* _Your instructions_: Check every line below for the word "Images" and copy the ones that have it.

* _Records_:

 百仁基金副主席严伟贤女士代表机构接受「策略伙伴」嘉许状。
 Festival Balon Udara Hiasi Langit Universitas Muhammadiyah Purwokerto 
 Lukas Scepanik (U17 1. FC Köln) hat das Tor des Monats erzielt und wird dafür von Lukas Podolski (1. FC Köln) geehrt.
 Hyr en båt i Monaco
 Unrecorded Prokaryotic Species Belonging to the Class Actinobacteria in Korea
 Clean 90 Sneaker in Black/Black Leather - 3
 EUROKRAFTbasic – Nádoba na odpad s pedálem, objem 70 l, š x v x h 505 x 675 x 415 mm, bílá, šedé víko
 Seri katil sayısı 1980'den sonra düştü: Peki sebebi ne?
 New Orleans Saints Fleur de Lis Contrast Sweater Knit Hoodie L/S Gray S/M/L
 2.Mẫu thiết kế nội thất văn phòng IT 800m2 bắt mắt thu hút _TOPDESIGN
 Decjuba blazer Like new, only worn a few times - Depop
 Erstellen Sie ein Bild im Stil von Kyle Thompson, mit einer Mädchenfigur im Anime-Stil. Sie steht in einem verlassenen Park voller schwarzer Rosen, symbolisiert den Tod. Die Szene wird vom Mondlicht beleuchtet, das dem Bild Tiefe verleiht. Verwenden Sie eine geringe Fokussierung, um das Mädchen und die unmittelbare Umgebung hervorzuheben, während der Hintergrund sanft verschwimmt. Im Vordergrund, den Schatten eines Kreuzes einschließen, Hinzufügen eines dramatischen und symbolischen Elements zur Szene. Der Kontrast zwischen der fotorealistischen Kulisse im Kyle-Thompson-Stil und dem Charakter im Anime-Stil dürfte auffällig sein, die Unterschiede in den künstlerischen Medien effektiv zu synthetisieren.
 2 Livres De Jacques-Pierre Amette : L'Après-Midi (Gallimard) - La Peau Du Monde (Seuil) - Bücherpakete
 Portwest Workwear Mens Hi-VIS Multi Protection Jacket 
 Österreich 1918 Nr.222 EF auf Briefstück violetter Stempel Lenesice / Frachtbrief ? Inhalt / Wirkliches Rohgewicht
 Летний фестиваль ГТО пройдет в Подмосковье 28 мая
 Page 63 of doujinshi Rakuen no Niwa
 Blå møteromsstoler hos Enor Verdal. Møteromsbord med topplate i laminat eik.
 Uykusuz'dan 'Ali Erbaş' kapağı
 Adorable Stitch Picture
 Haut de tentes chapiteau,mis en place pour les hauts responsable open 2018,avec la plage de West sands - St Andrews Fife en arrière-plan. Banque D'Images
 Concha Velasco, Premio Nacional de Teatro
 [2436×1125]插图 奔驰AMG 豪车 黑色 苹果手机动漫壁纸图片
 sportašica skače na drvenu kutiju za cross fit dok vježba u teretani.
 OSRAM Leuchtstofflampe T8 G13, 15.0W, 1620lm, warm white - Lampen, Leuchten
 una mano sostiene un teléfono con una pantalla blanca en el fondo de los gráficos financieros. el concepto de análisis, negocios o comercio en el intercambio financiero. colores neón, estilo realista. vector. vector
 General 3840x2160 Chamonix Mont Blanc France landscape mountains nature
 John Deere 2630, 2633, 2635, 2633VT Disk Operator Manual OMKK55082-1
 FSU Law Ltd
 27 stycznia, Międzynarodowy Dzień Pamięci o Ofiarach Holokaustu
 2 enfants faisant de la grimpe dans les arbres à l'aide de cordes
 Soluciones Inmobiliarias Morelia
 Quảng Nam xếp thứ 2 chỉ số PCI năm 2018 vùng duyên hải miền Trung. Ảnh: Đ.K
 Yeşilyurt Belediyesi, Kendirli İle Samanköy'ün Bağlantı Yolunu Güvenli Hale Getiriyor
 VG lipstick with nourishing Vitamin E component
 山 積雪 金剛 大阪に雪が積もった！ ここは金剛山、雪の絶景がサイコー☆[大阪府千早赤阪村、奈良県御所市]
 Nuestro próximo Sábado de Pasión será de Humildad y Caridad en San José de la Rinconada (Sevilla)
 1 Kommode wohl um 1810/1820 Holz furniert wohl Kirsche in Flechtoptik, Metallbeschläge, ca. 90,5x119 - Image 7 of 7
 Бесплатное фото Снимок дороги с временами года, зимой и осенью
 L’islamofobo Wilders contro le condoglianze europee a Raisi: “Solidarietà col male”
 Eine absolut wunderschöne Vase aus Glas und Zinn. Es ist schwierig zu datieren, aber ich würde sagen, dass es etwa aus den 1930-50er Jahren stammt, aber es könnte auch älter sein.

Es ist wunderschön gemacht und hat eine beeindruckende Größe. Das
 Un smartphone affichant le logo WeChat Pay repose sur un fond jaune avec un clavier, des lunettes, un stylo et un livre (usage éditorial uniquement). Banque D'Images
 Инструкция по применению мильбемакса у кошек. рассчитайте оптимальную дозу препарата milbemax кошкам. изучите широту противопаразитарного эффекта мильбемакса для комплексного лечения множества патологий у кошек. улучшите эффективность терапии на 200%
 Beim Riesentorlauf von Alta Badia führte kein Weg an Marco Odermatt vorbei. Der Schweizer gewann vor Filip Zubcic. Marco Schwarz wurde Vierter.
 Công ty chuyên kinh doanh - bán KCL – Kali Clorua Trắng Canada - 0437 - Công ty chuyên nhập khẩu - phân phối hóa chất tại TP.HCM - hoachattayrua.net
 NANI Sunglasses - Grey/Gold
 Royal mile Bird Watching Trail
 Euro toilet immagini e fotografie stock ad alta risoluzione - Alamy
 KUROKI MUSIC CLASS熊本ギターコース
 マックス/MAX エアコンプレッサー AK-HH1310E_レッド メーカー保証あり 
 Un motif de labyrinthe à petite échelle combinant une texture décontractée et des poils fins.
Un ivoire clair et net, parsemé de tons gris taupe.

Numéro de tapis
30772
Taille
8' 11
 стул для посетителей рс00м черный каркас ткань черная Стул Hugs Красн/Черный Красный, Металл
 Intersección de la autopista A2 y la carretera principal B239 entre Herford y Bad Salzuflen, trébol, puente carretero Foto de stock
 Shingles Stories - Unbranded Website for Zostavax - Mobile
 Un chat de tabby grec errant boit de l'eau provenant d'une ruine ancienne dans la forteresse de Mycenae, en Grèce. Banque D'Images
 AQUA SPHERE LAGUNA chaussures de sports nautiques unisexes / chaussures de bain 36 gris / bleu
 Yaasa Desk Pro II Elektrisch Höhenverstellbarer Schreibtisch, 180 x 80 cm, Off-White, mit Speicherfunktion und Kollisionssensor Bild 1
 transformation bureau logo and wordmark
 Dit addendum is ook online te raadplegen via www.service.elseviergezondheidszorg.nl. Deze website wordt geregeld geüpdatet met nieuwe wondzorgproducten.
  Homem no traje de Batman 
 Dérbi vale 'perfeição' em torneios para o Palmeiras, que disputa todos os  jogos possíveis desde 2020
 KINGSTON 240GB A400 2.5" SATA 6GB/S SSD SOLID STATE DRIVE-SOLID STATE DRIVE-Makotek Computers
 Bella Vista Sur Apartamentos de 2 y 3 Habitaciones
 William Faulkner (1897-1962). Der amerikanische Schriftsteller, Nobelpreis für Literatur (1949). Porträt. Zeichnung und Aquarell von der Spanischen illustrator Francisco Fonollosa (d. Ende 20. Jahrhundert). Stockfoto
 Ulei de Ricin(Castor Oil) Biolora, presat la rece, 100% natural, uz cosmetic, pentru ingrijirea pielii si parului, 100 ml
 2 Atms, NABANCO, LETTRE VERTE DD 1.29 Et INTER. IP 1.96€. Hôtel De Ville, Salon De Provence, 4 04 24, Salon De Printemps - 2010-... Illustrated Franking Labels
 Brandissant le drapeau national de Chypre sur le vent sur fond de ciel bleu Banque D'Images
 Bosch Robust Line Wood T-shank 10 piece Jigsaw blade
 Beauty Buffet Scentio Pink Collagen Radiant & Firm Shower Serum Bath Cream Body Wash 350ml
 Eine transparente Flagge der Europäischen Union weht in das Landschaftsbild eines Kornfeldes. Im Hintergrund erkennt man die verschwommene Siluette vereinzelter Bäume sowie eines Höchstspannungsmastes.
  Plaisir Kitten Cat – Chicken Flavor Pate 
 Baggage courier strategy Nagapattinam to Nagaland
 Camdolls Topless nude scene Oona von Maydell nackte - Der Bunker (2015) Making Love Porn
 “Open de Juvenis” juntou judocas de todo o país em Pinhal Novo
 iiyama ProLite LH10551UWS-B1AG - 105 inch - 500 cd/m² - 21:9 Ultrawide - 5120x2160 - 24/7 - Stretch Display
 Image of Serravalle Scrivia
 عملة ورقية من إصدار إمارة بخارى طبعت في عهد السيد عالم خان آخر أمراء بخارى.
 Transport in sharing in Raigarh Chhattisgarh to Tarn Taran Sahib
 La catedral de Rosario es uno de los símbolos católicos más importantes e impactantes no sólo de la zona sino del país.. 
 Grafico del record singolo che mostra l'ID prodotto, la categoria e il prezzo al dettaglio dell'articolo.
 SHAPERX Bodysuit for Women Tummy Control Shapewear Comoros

* _Your response_:
 Haut de tentes chapiteau,mis en place pour les hauts responsable open 2018,avec la plage de West sands - St Andrews Fife en arrière-plan. Banque D'Images
 Un smartphone affichant le logo WeChat Pay repose sur un fond jaune avec un clavier, des lunettes, un stylo et un livre (usage éditorial uniquement). Banque D'Images
 Un chat de tabby grec errant boit de l'eau provenant d'une ruine ancienne dans la forteresse de Mycenae, en Grèce. Banque D'Images
 Brandissant le drapeau national de Chypre sur le vent sur fond de ciel bleu Banque D'Images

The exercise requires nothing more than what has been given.